Further down are entries; set down exactly and only the lines from the one with "Geddy White (CW-20) Color Scheme Palettes" up to and including the one with "philipp plein leather jacket price", dropping each picture.
*** Opening DATA EXCERPTS ***
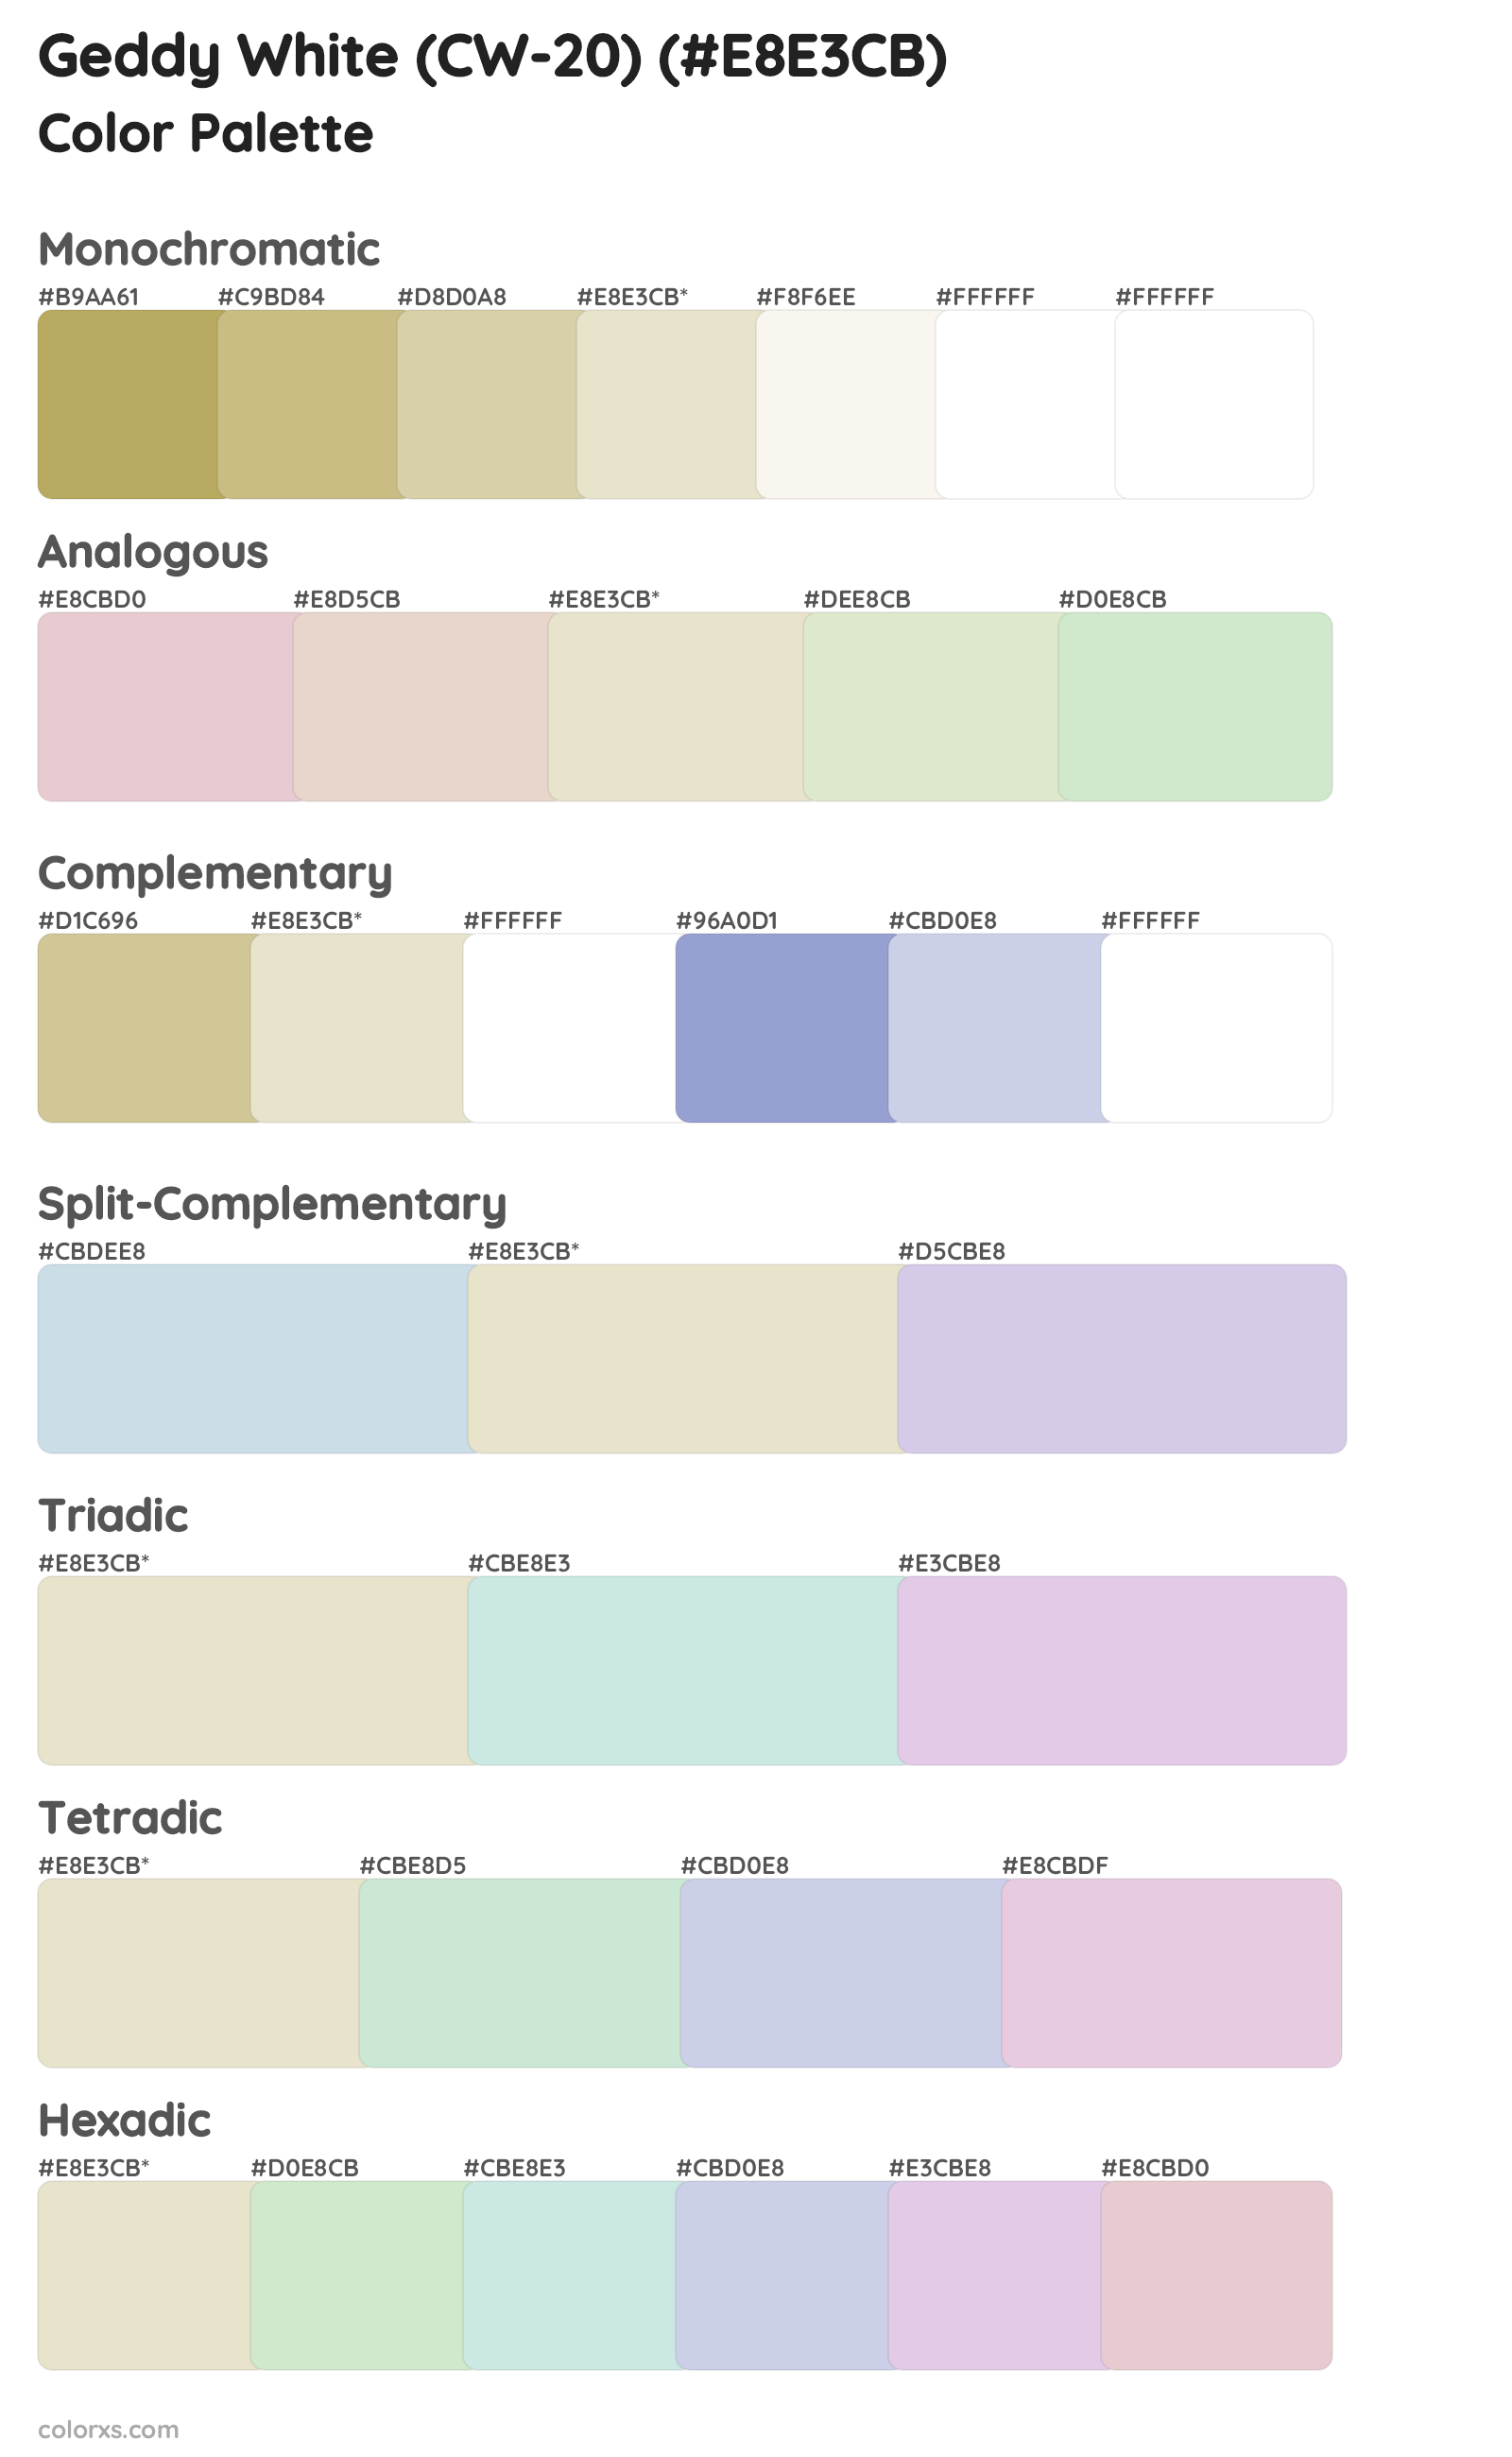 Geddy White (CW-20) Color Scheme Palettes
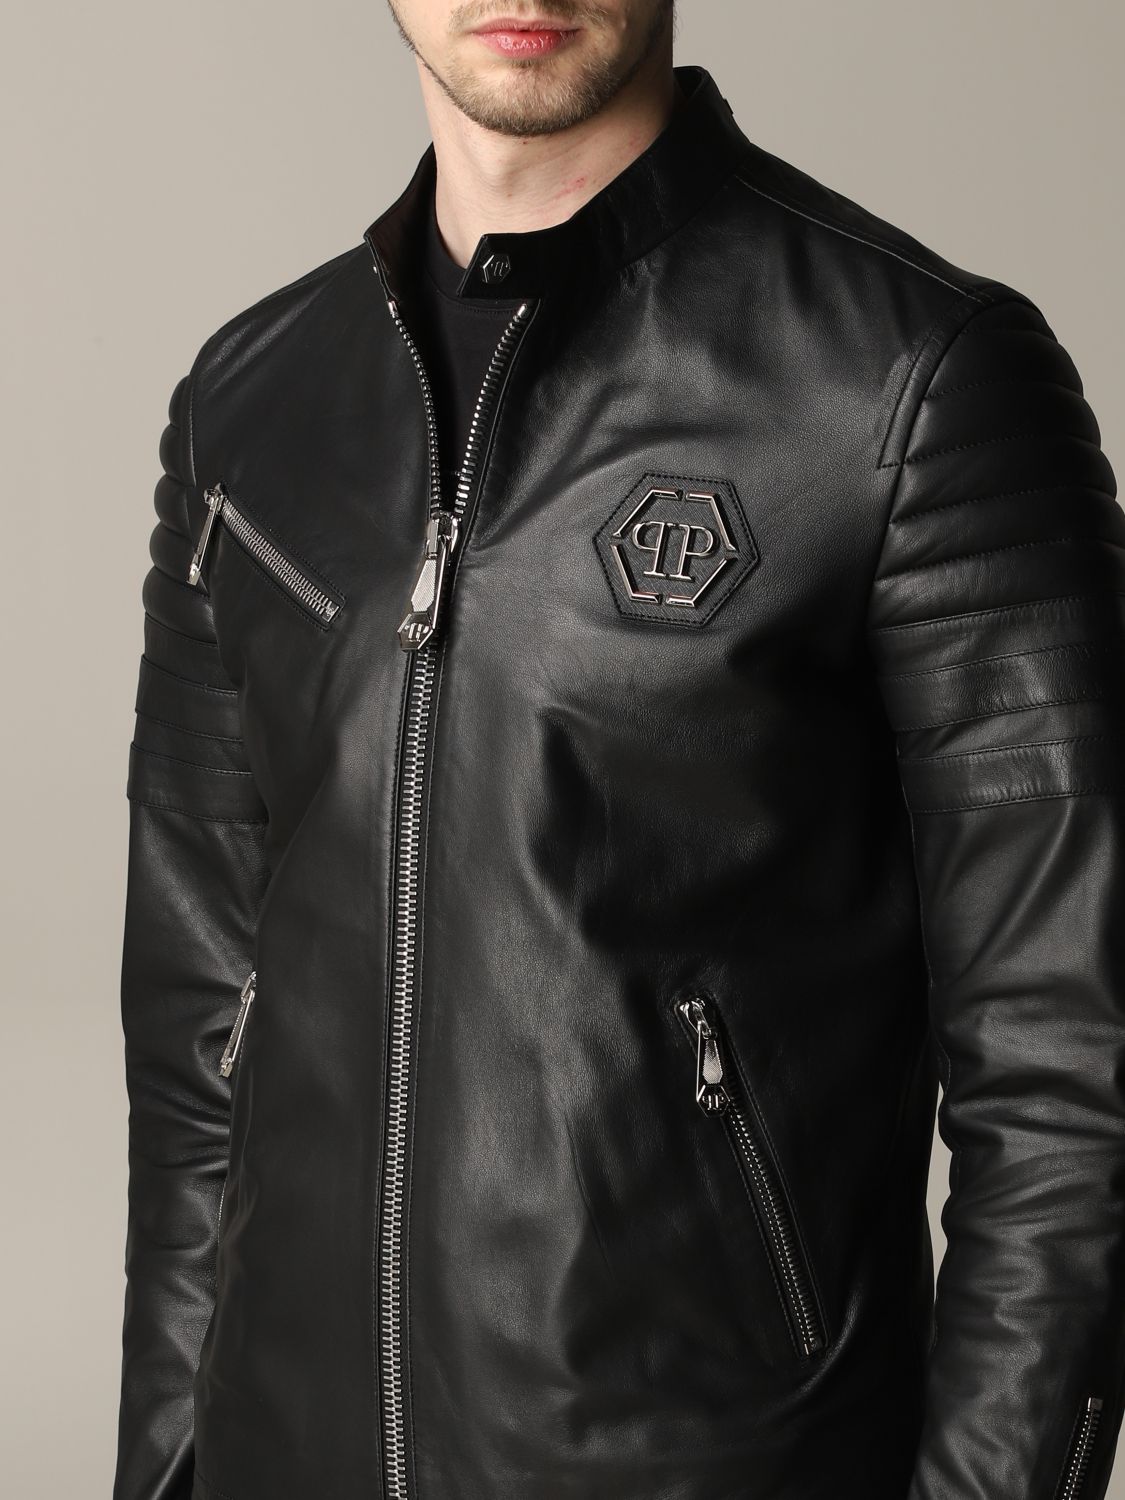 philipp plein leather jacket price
*** Closing DATA EXCERPTS ***
*** Opening DATA EXCERPTS ***
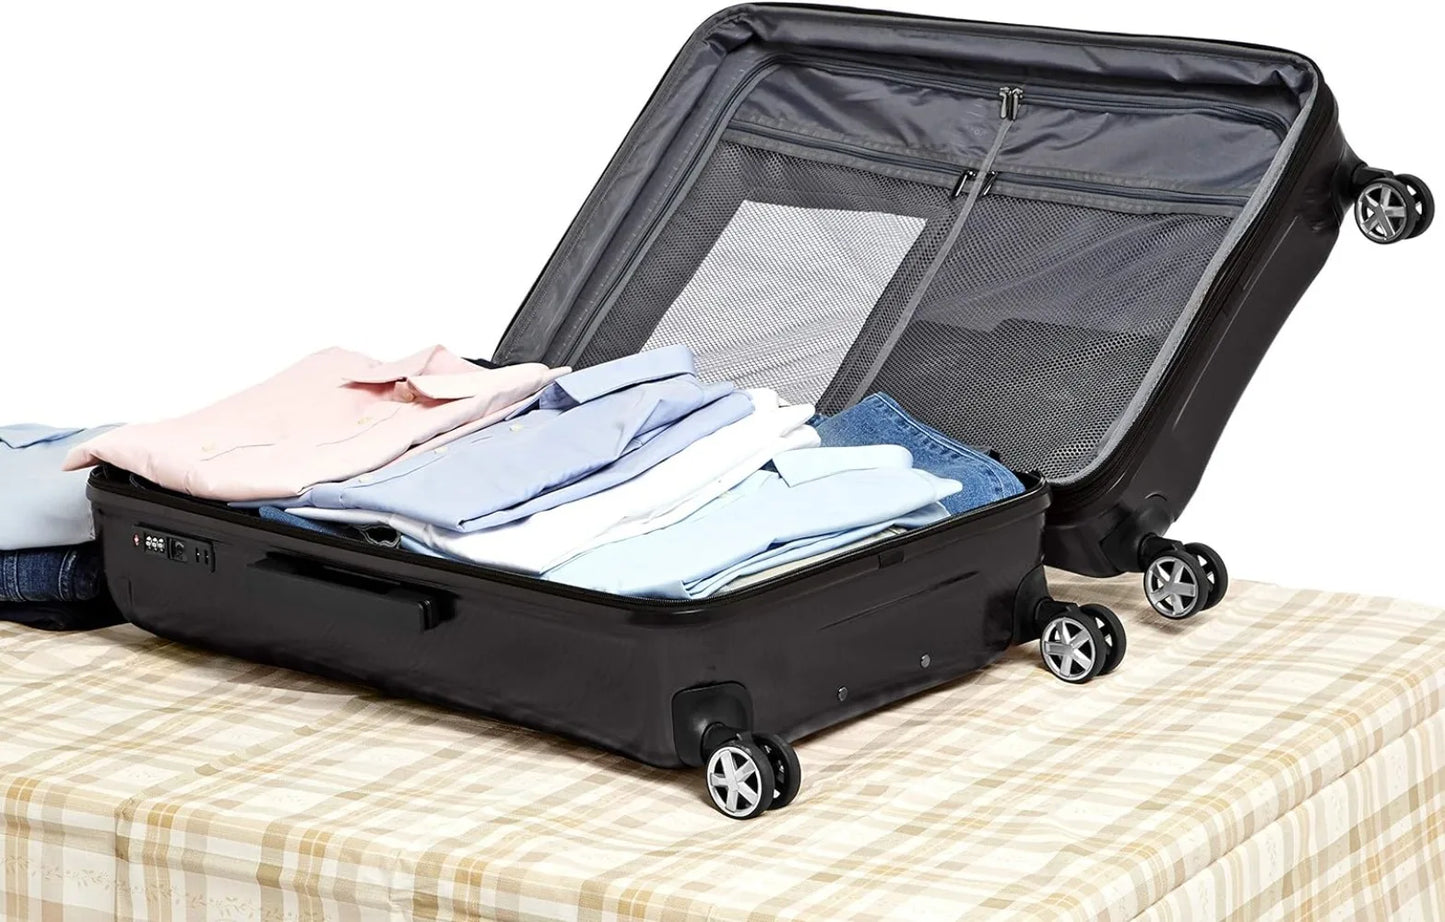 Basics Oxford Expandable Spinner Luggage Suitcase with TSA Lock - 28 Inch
*** Closing DATA EXCERPTS ***
:: YOUR SOLUTION ::
 Geddy White (CW-20) Color Scheme Palettes
 philipp plein leather jacket price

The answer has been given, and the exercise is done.